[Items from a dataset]
══════════════════════════════
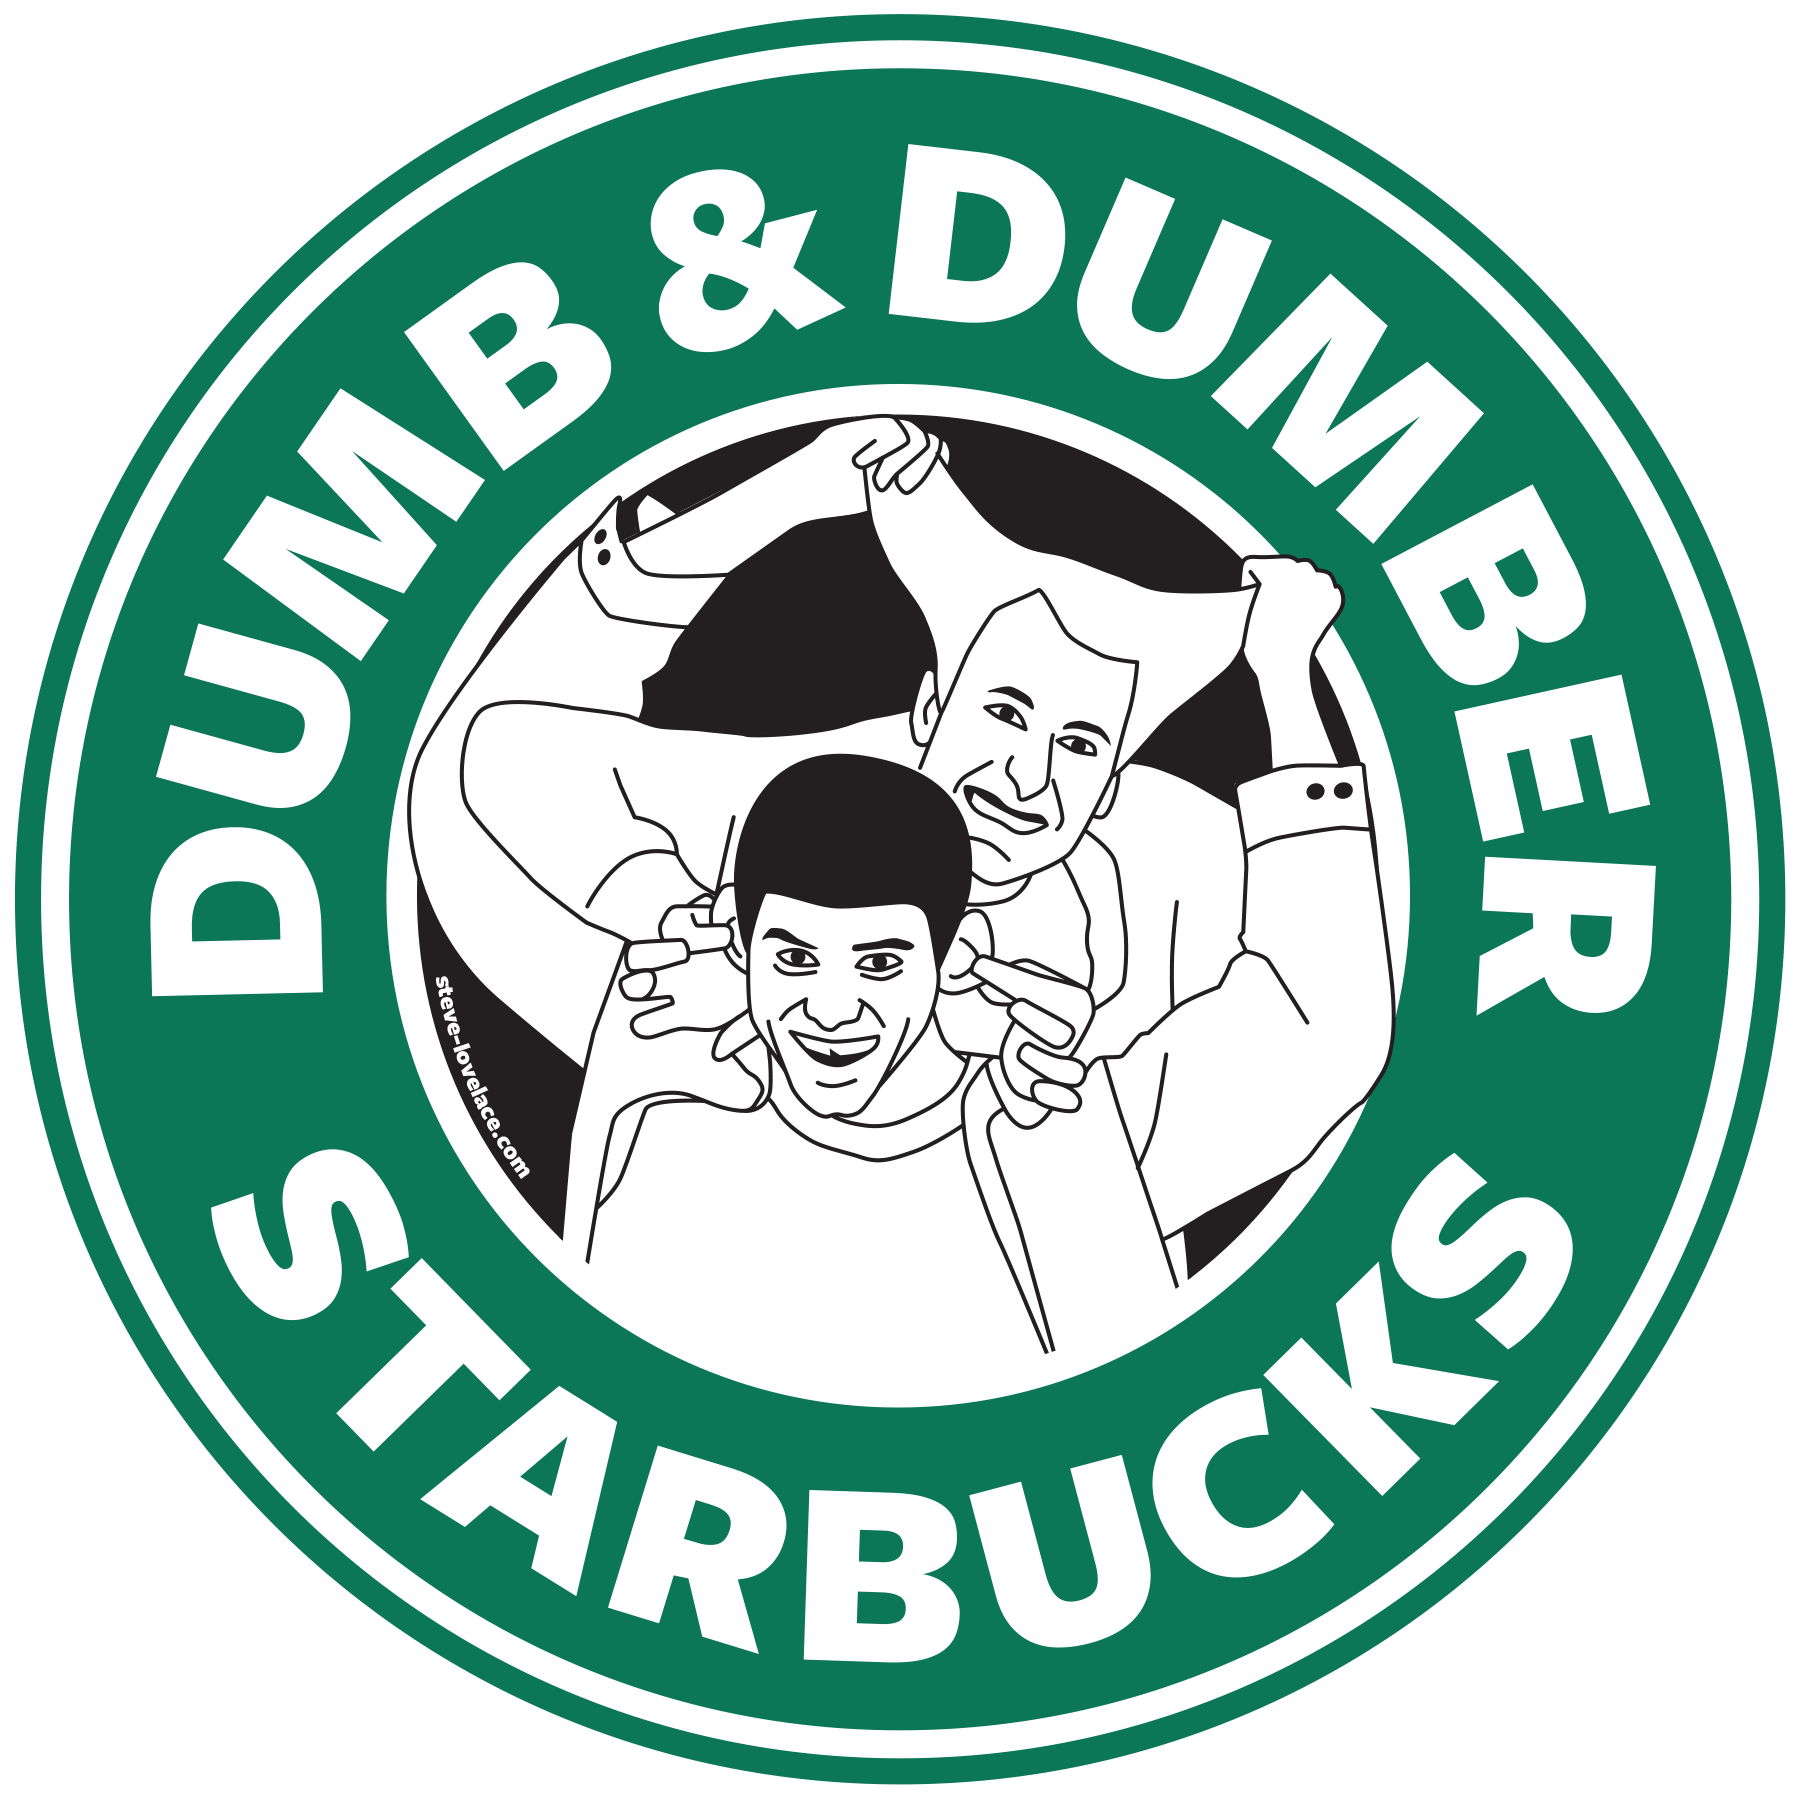 Dumb Starbucks Logo - Fake Starbucks Ideas
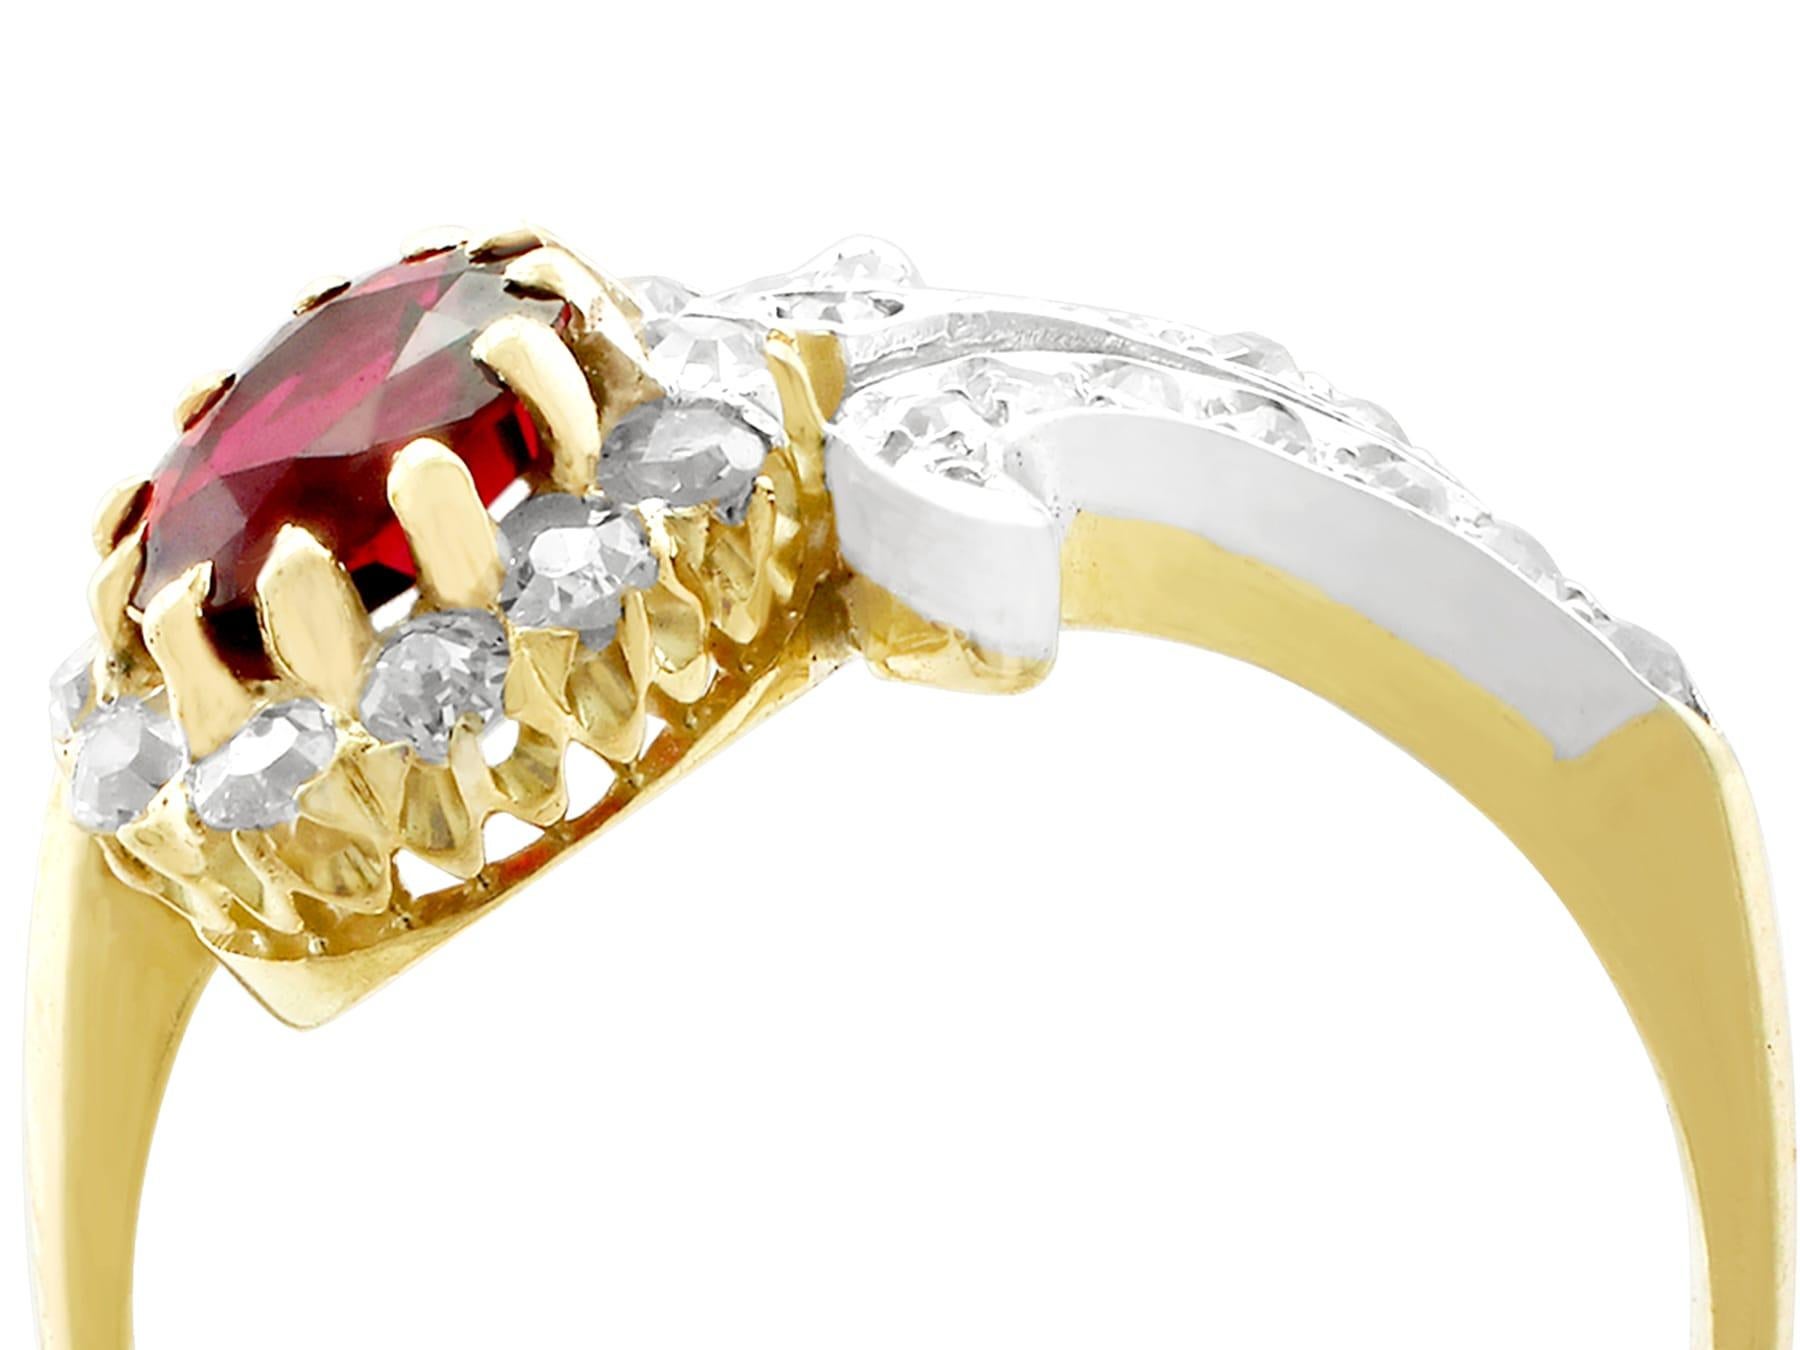 Ein beeindruckender antiker Ring aus 18 Karat Gelb- und Weißgold mit einem Rubin von 0,95 Karat und einem Diamanten von 0,83 Karat, der Teil unserer vielfältigen antiken Schmucksammlungen ist.

Dieser feine und beeindruckende antike Rubin- und
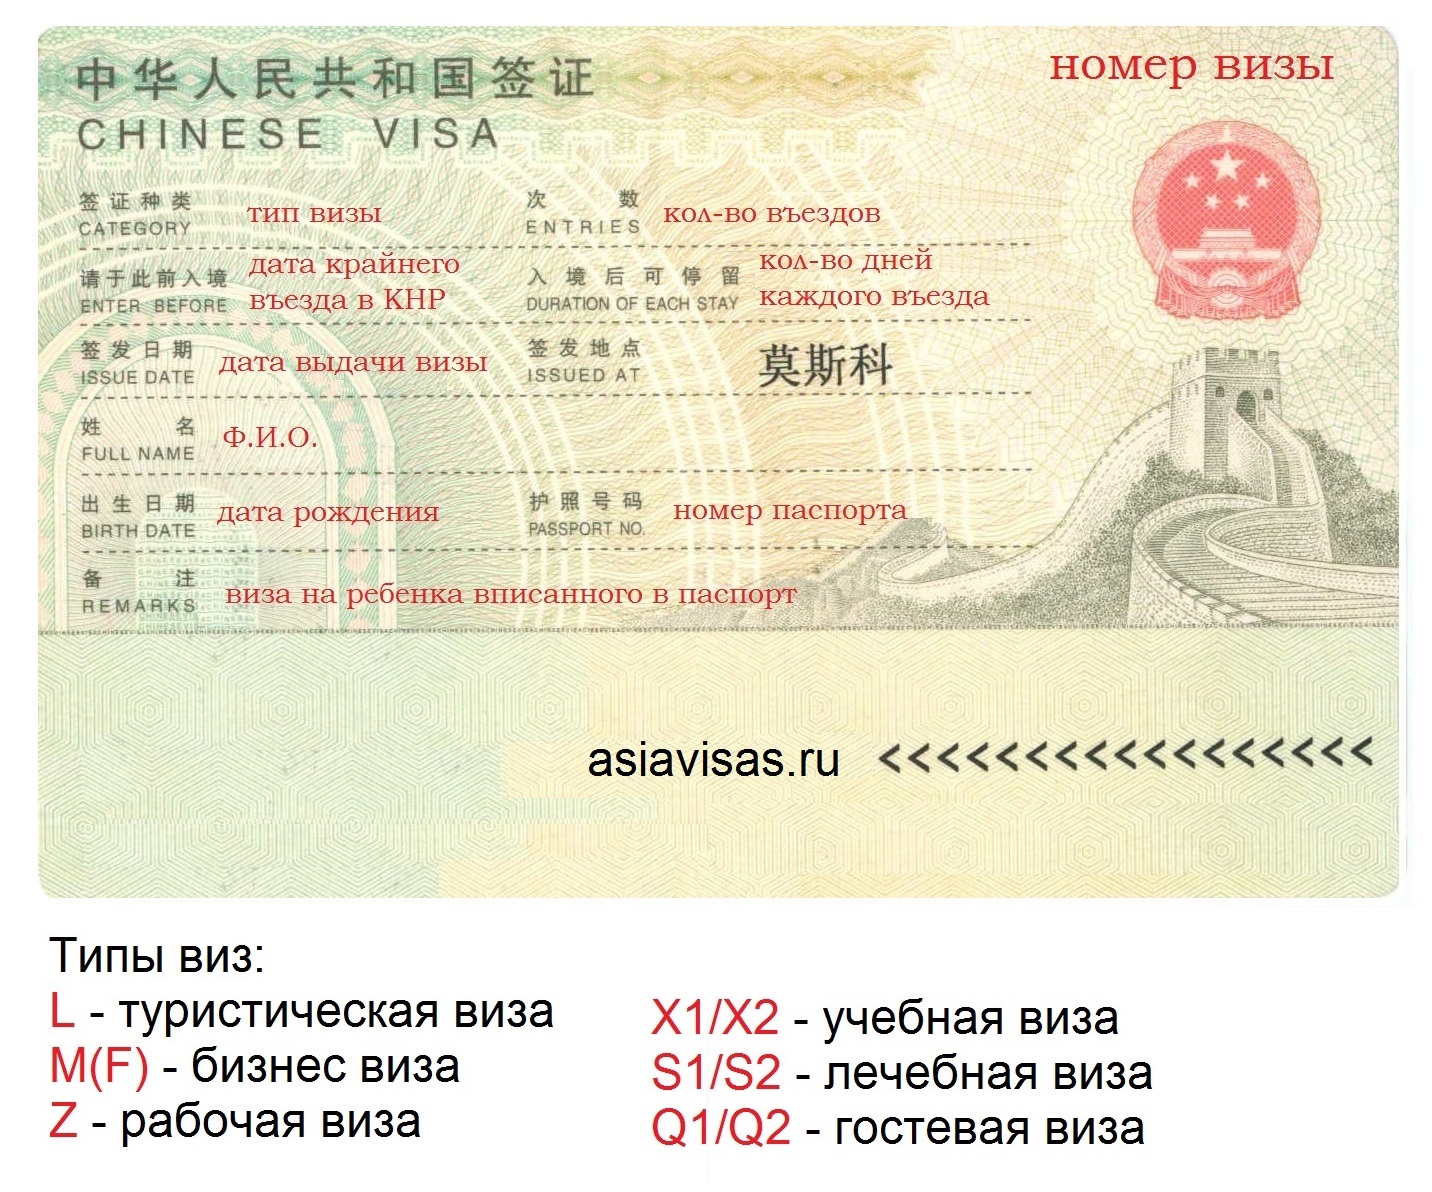 Рабочая виза в китай: правила оформления для россиян
рабочая виза в китай: правила оформления для россиян
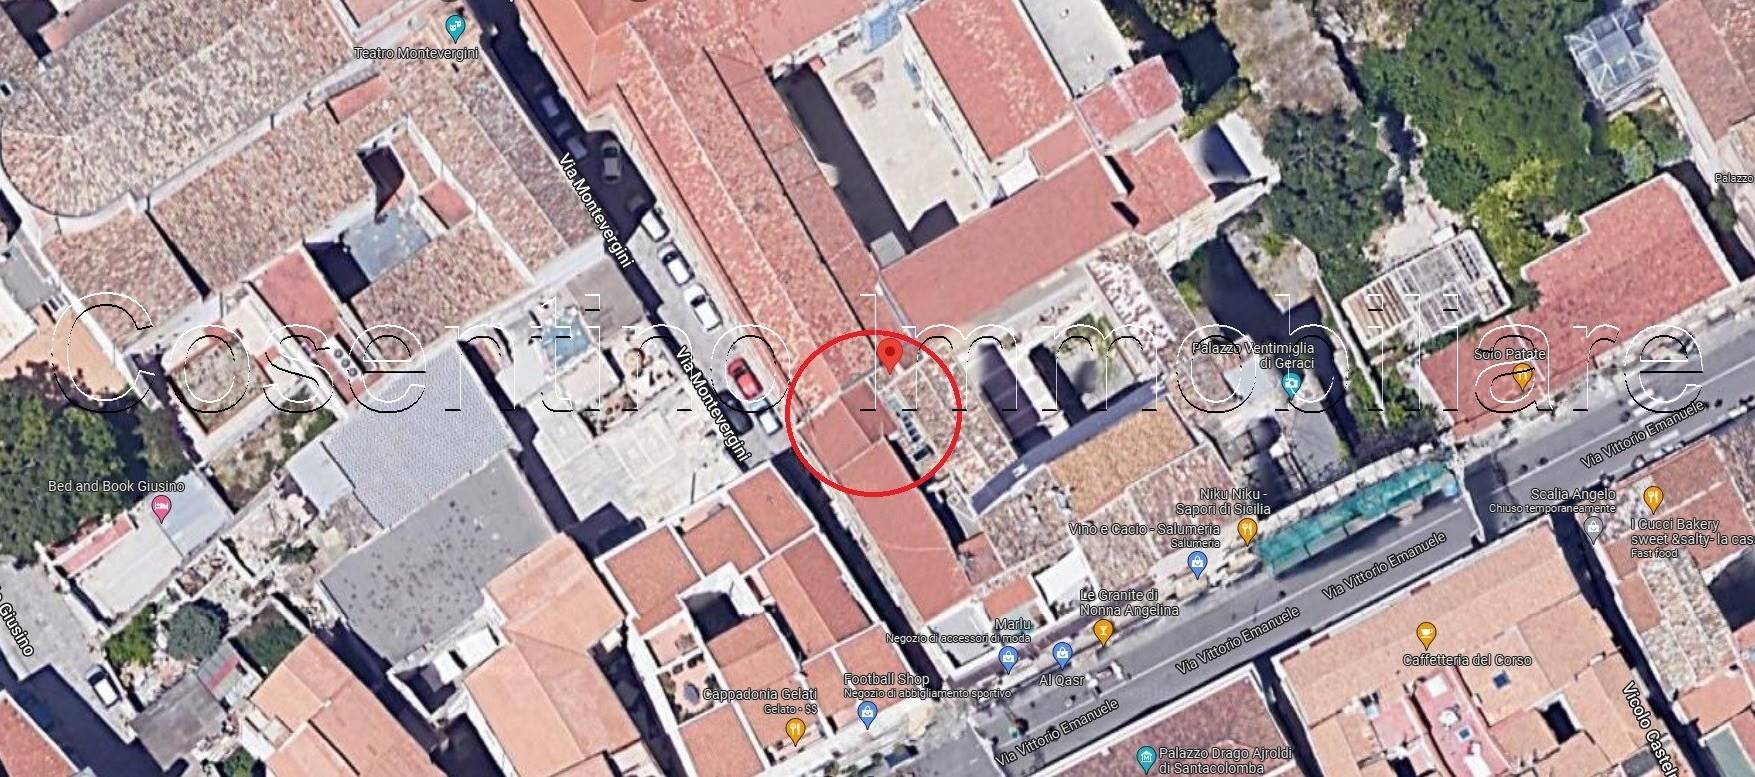 Attività commerciale in affitto/gestione, Palermo centro storico
══════════════════════════════
Task to complete:
Could you transcribe all of the data exactly, keeping every picture out of the copy?

Solution to the exercise:
 Dumb Starbucks Logo - Fake Starbucks Ideas
 Ein beeindruckender antiker Ring aus 18 Karat Gelb- und Weißgold mit einem Rubin von 0,95 Karat und einem Diamanten von 0,83 Karat, der Teil unserer vielfältigen antiken Schmucksammlungen ist.

Dieser feine und beeindruckende antike Rubin- und
 Рабочая виза в китай: правила оформления для россиян
рабочая виза в китай: правила оформления для россиян
 Attività commerciale in affitto/gestione, Palermo centro storico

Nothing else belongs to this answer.